Copying rule for the data below: take the line containing "EdgeTaper Papierspitzen - Standardpackung" and every line after it to the end, exactly, and drop all pictures.
====
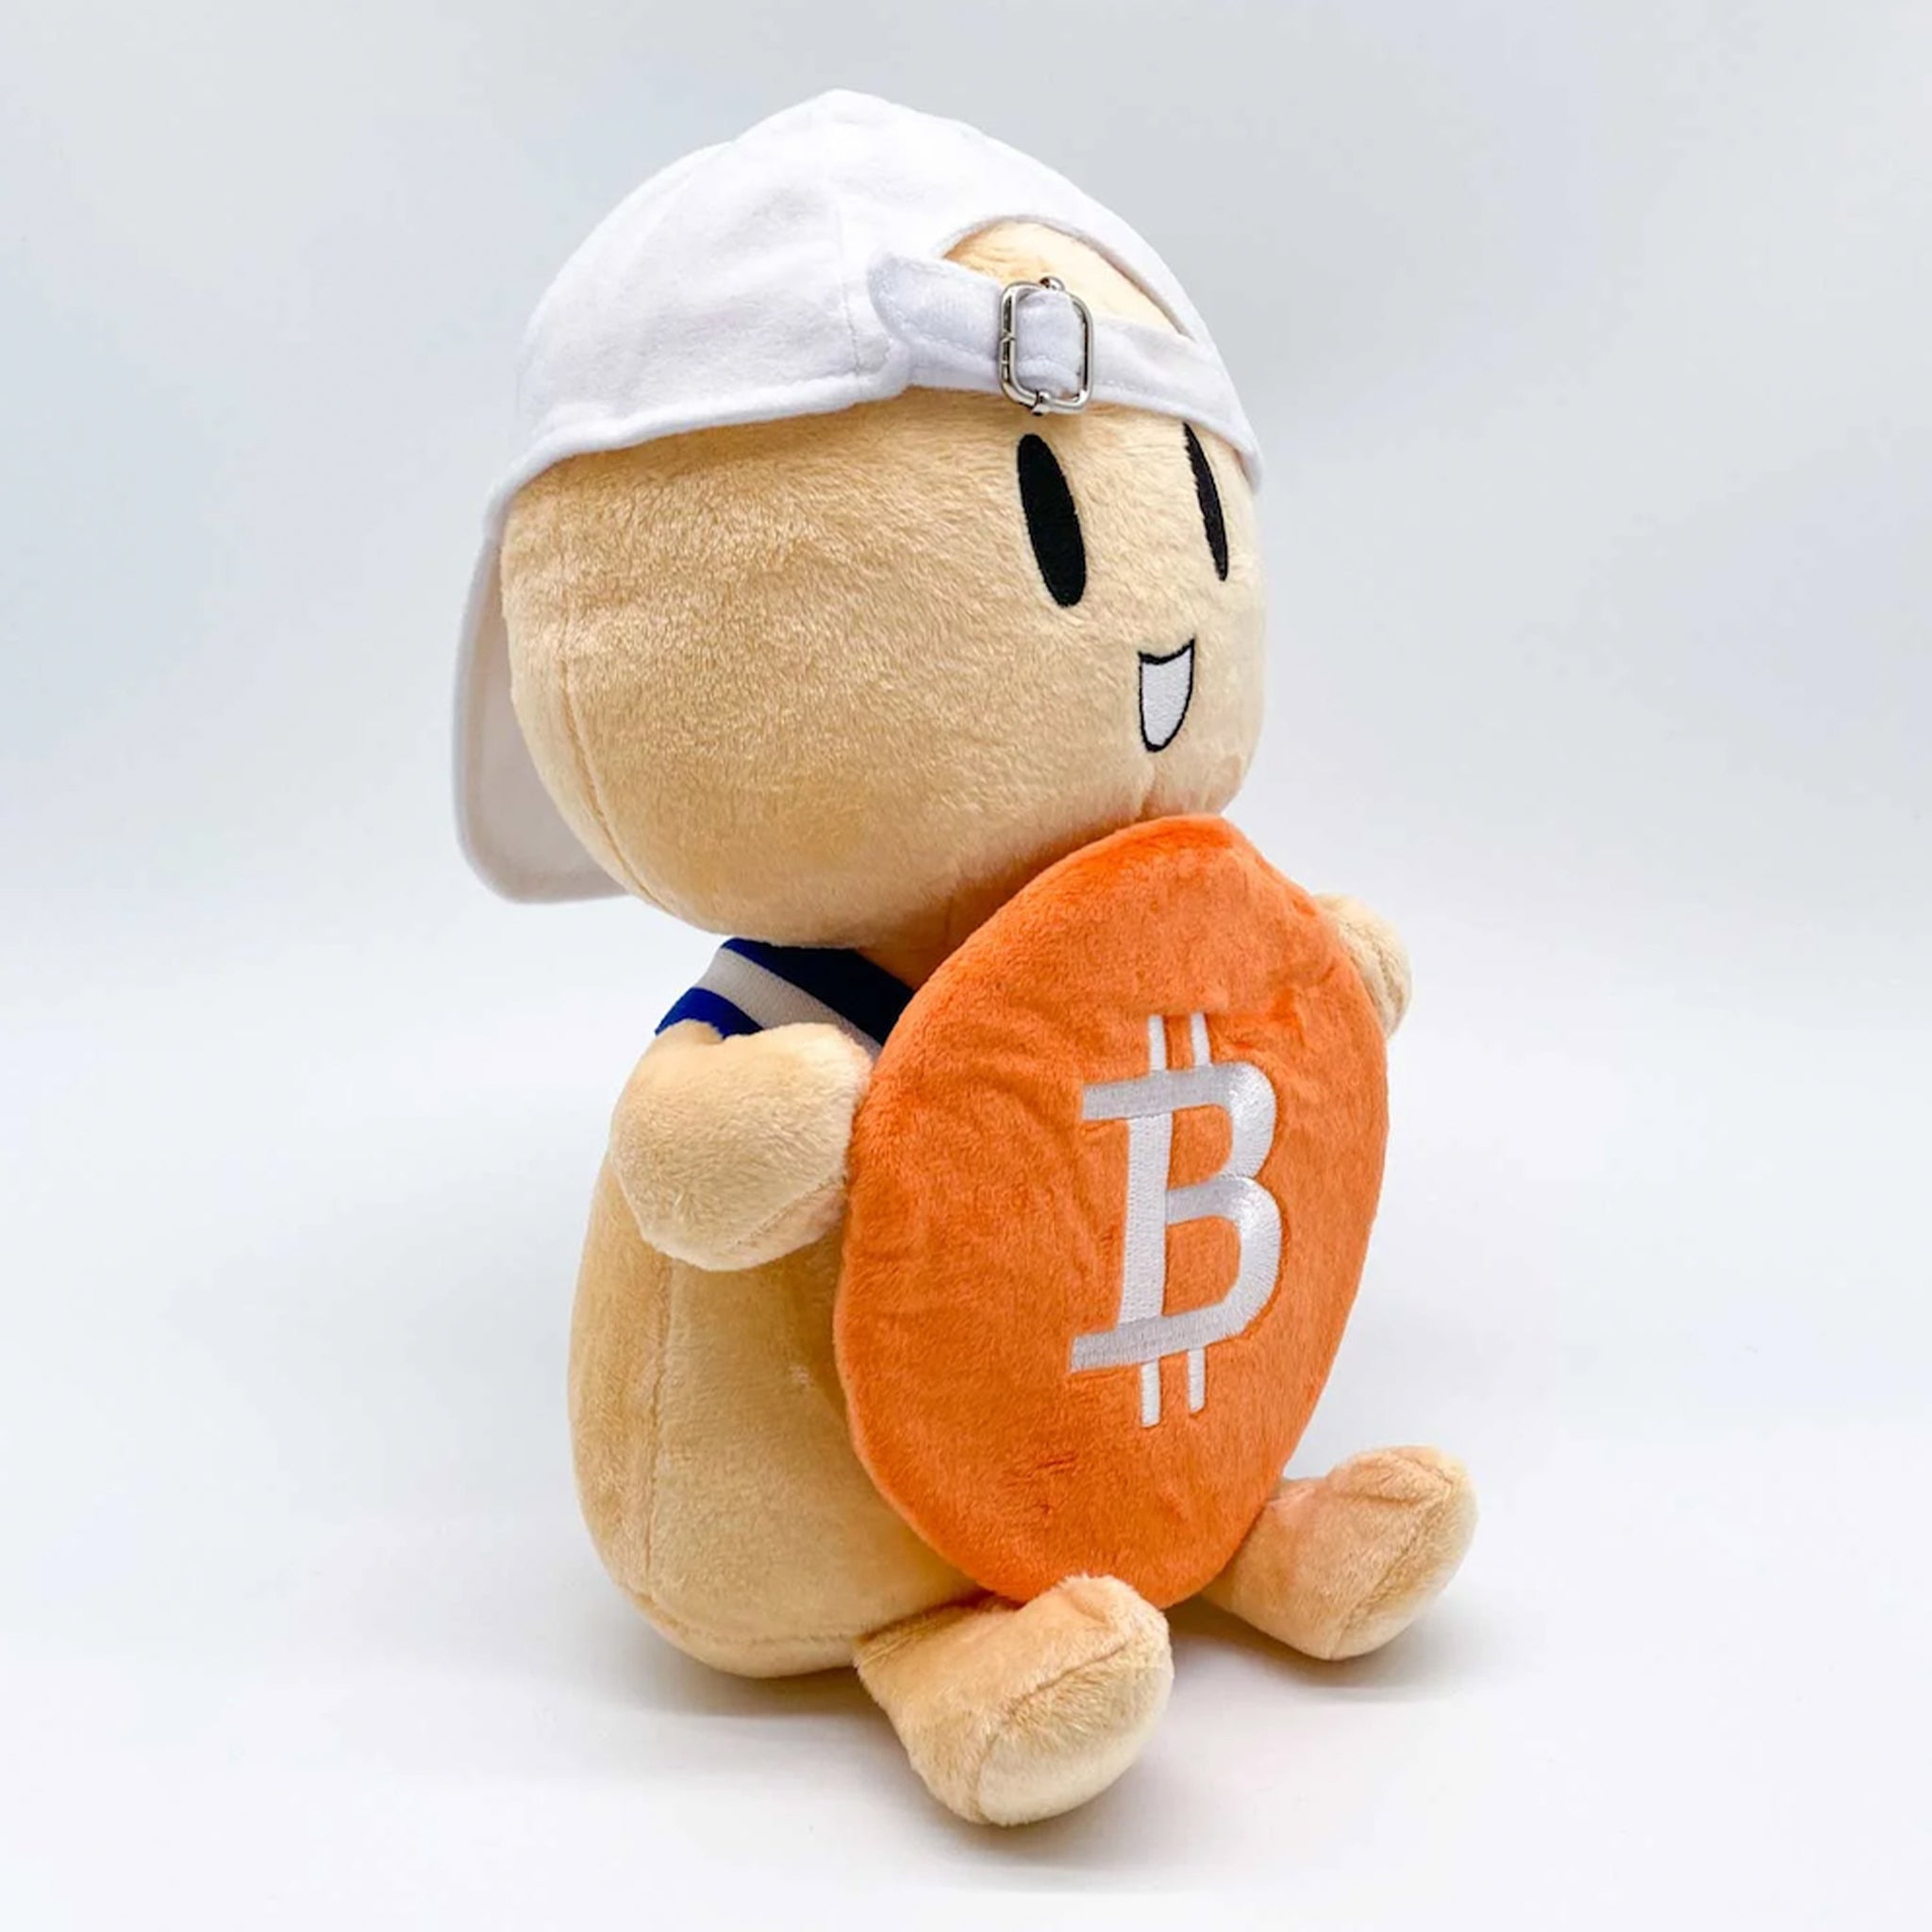 El Little Presidente Little HODLer 🇸🇻 - Bitcoin Magazine
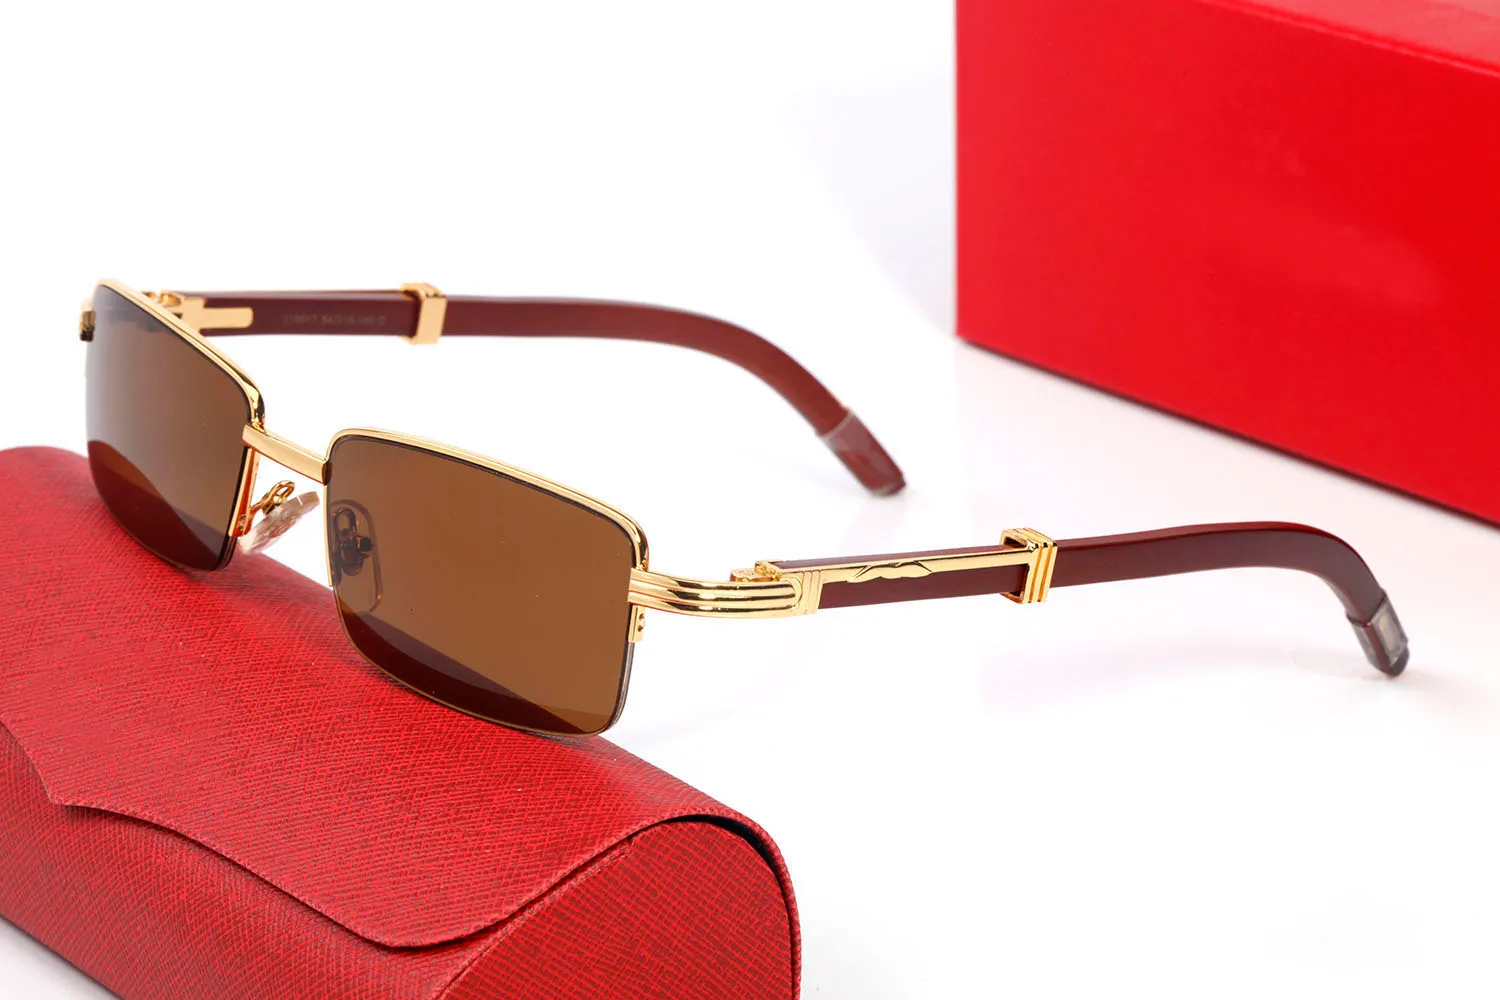 Прямоугольные солнцезащитные очки для женщин металлические и деревянные бамбуковые рамки дизайн бренд солнце
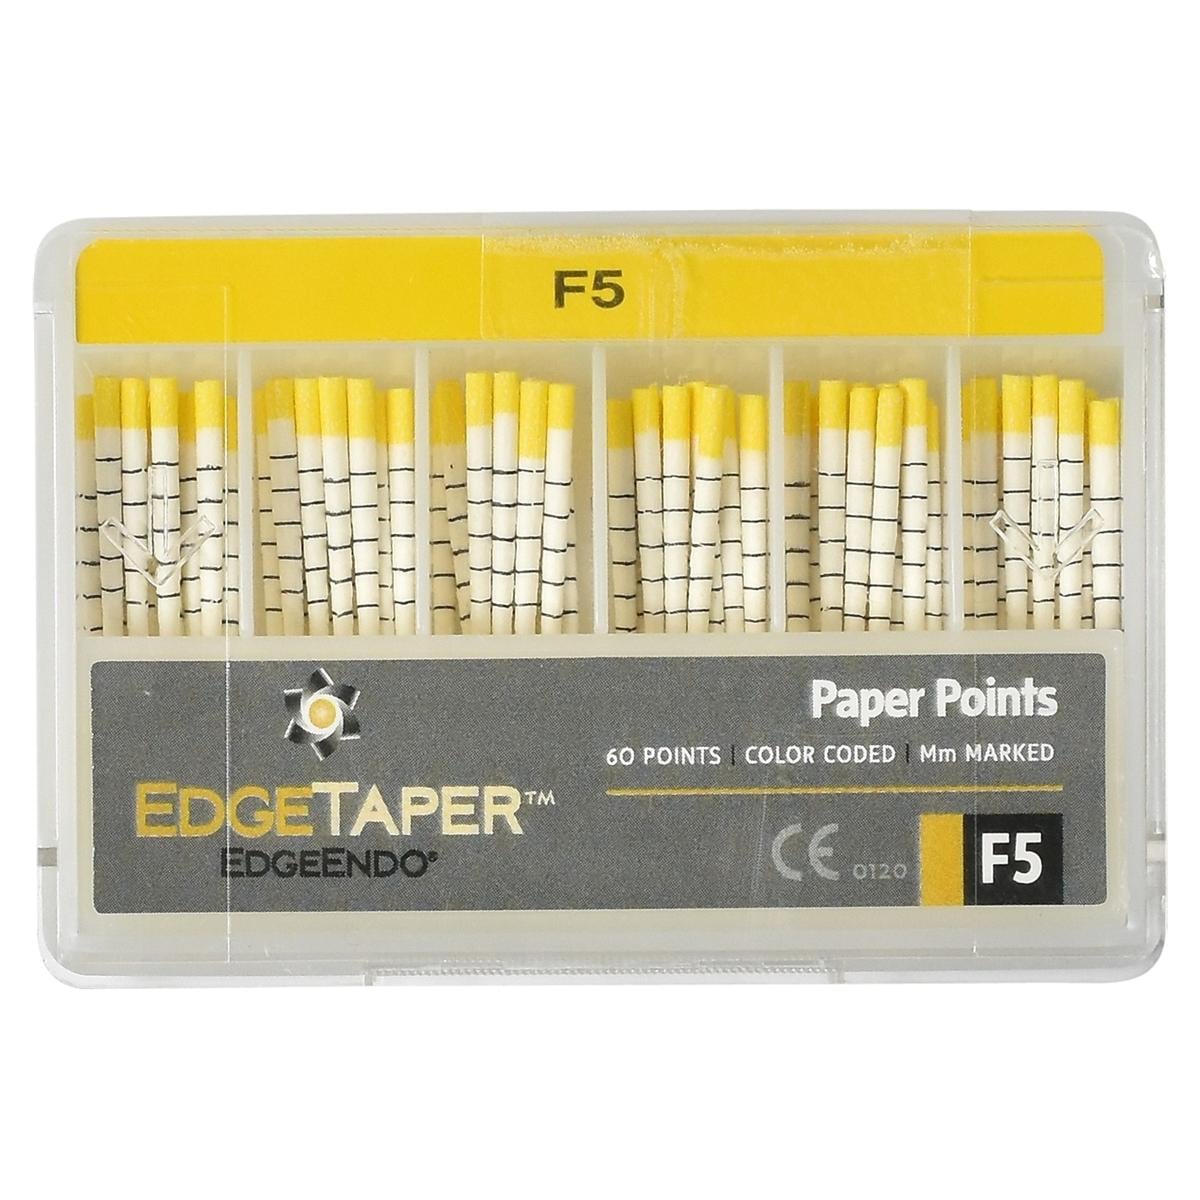 EdgeTaper Papierspitzen - Standardpackung - Größe F5, Packung 60 Stück
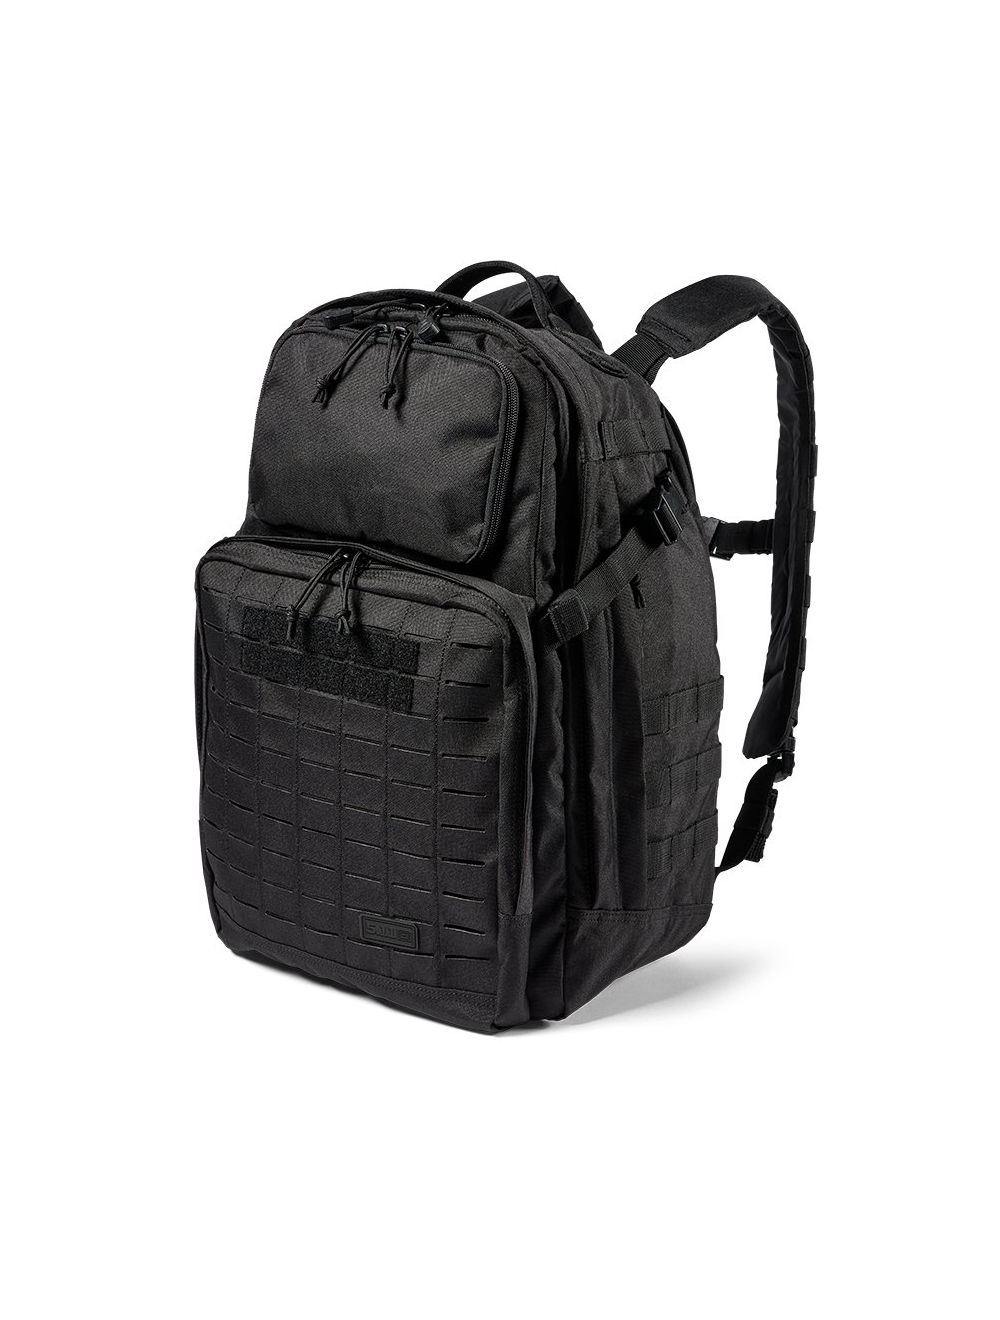 FAST-TAC 24 Backpack
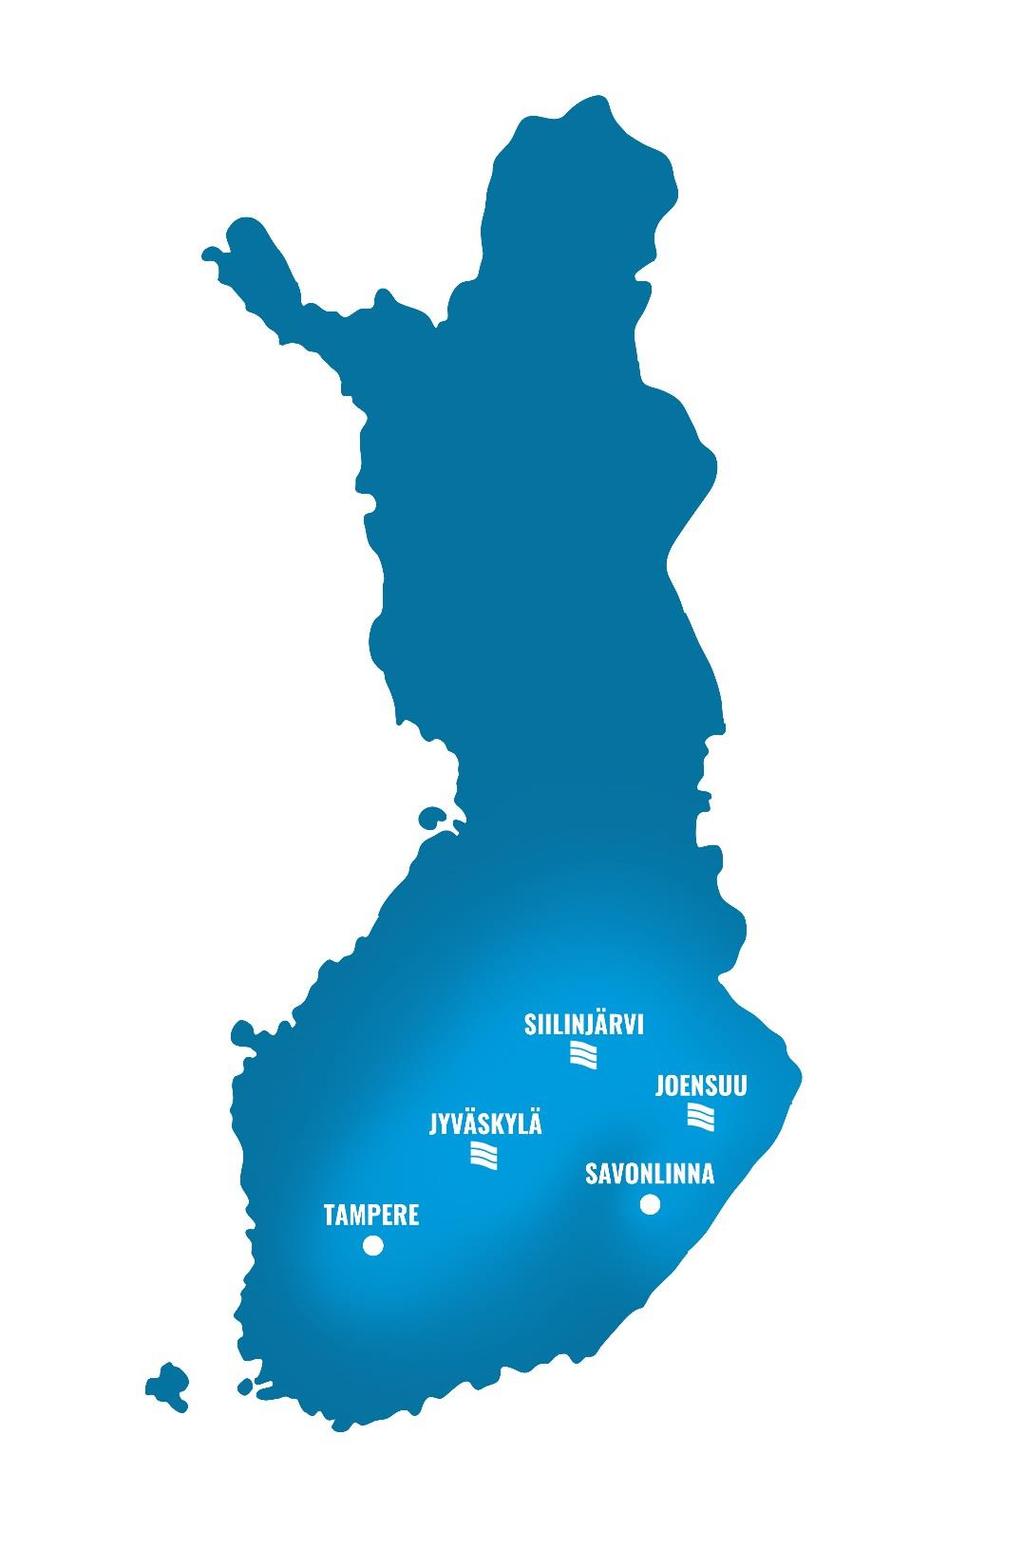 Sakupe tänään Tuotantolaitokset Siilinjärvellä, Joensuussa ja Jyväskylässä Toimialueen ytimessä viisi maakuntaa Tuotantovolyymi 9,5 Mkg (ennuste 2018) Liikevaihto 22,1 M (ennuste 2018) Henkilöstöä
====
Final answer
 EdgeTaper Papierspitzen - Standardpackung - Größe F5, Packung 60 Stück
 FAST-TAC 24 Backpack
 Sakupe tänään Tuotantolaitokset Siilinjärvellä, Joensuussa ja Jyväskylässä Toimialueen ytimessä viisi maakuntaa Tuotantovolyymi 9,5 Mkg (ennuste 2018) Liikevaihto 22,1 M (ennuste 2018) Henkilöstöä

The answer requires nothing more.